El nuevo reparto del poder en el orden mundial y sus causas
Aldo Ferrer
Diario BAE
Diario BAE
El sistema económico
mundial, tal cual lo hemos conocido hasta finales del siglo XX, era un orden
organizado bajo la hegemonía de las naciones industriales del Atlántico Norte.
Este núcleo dominante surgió alrededor del siglo XV, en virtud de la revolución
cultural desencadenada en el Renacimiento europeo. Hasta esa época, el
conocimiento científico y las tecnologías disponibles en las mayores
civilizaciones del planeta (China, India, las naciones árabes, los pueblos
cristianos de Europa) eran comparables. Consecuentemente, eran semejantes la
estructura de la producción y la distribución de la fuerza de trabajo, la
productividad, el bienestar y la esperanza de vida.
Por
razones complejas, hace alrededor de quinientos años, los pueblos cristianos de
Europa comenzaron a ampliar el conocimiento científico y, sobre estas bases, a
innovar en la forma de producir alimentos, manufacturas y hacer la guerra, a
crear nuevos medios de transporte y a ampliar las redes de intercambio. A
partir de entonces, el dominio de la ciencia y la tecnología y la capacidad de
gestionar ese conocimiento y aplicarlo a la producción y la organización
social, se constituyeron en el motor fundamental de la aceleración del
desarrollo.

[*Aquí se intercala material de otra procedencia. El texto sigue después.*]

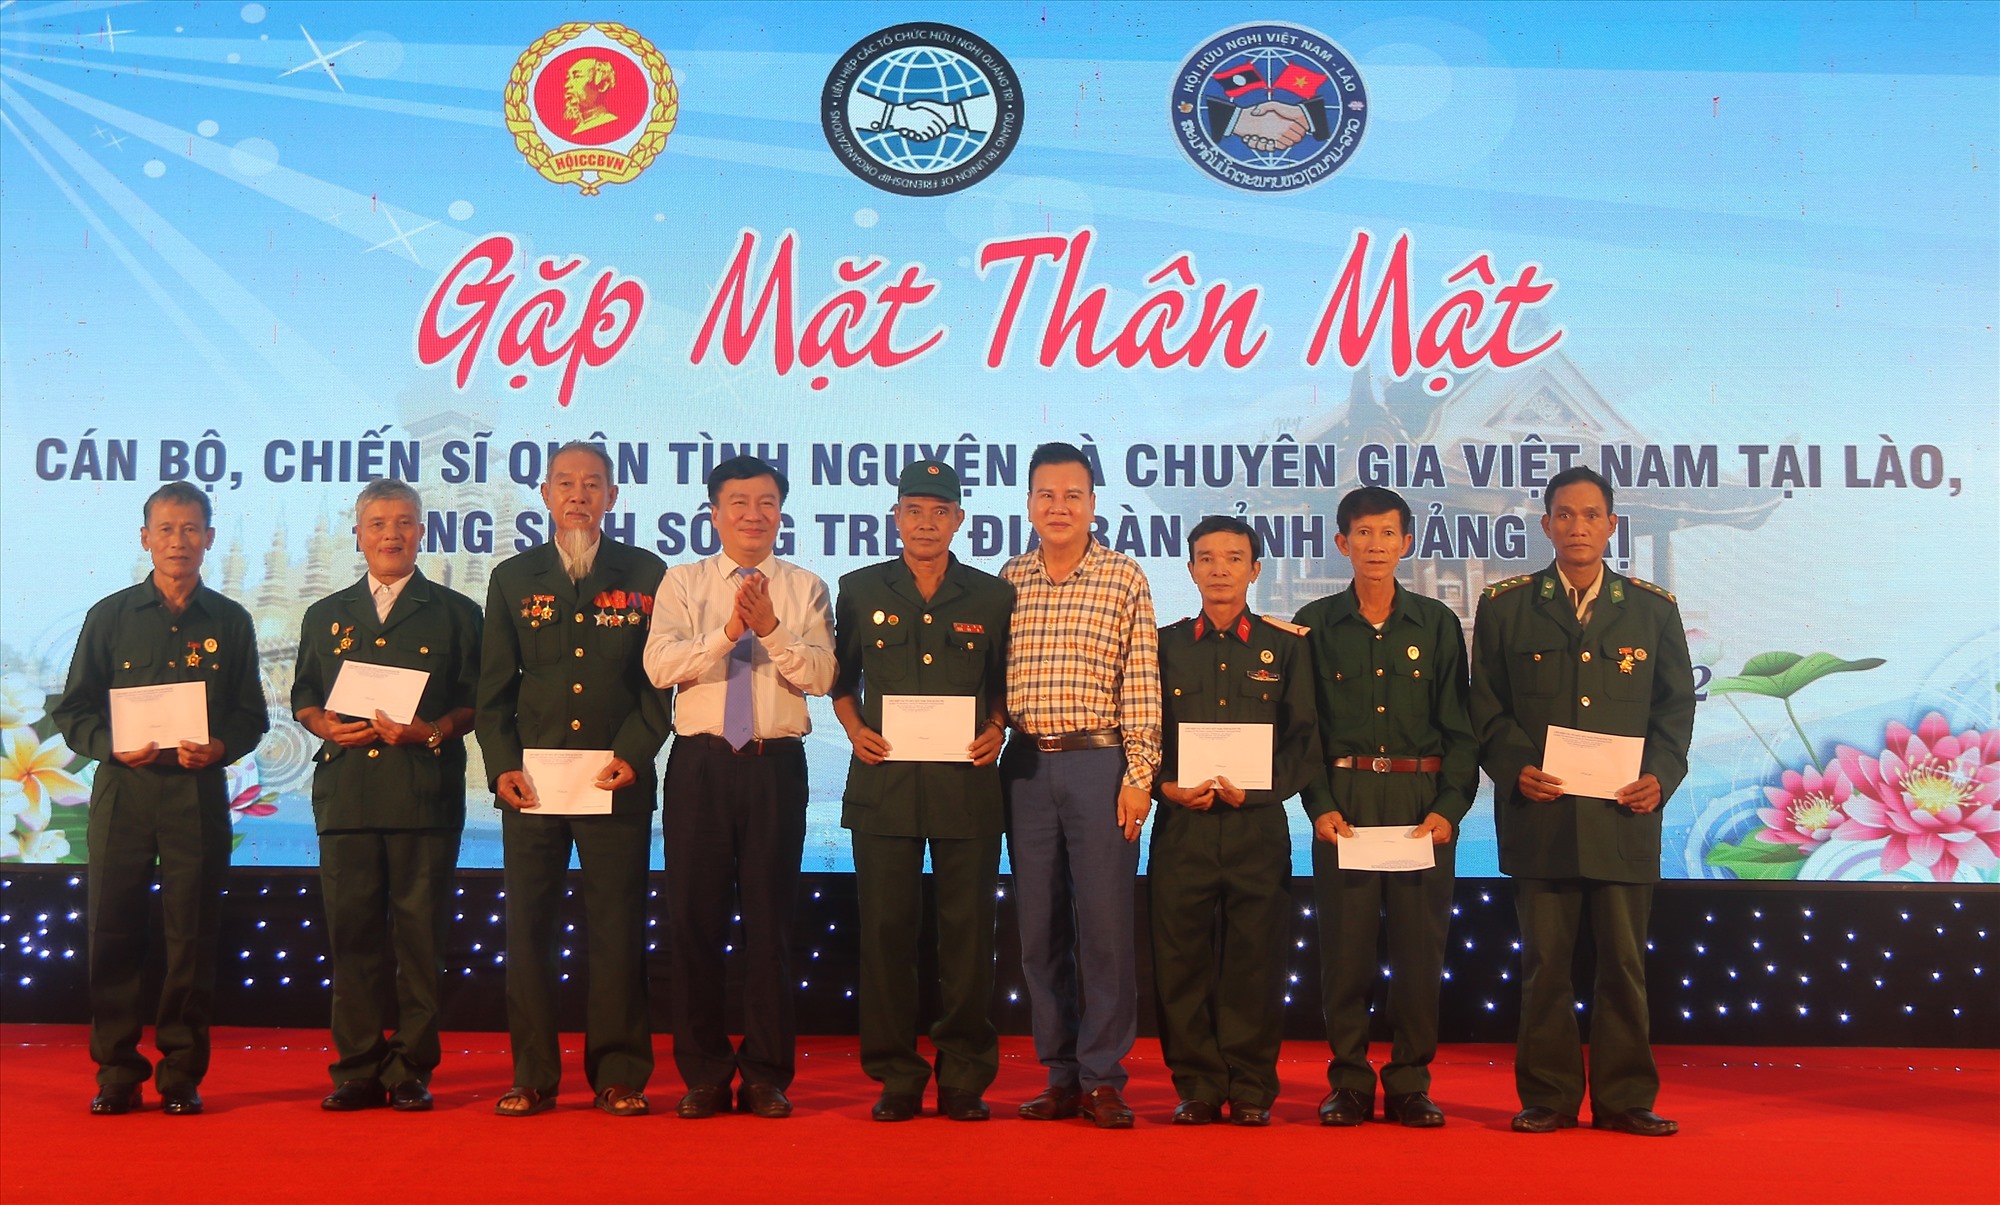 Chủ tịch Ủy ban MTTQ Việt Nam tỉnh Đào Mạnh Hùng tặng quà cho các cán bộ, chiến sĩ quân tình nguyện, chuyên gia Việt Nam từng công tác, chiến đấu tại Lào có hoàn cảnh khó khăn - Ảnh: N.B

La influencia de las naciones en el orden mundial emergente pasó a
depender de las fuentes intangibles del poder, es decir, de su capacidad de
innovar y gestionar el conocimiento. Cuando esto coincidió con una amplia base
de recursos tangibles (población y territorio), surgieron las grandes
potencias.
Uno
de los vástagos europeos, los futuros Estados Unidos, se convirtió en líder del
avance científico y tecnológico y su aplicación a la actividad económica y
social. De este modo, el Atlántico Norte consolidó su influencia como el centro
dominante del orden mundial. Durante cinco siglos, hasta finales del XX,
ejerció un monopolio casi absoluto de la ciencia, la tecnología, la capacidad
de gestión del conocimiento y las industrias portadoras de la transformación.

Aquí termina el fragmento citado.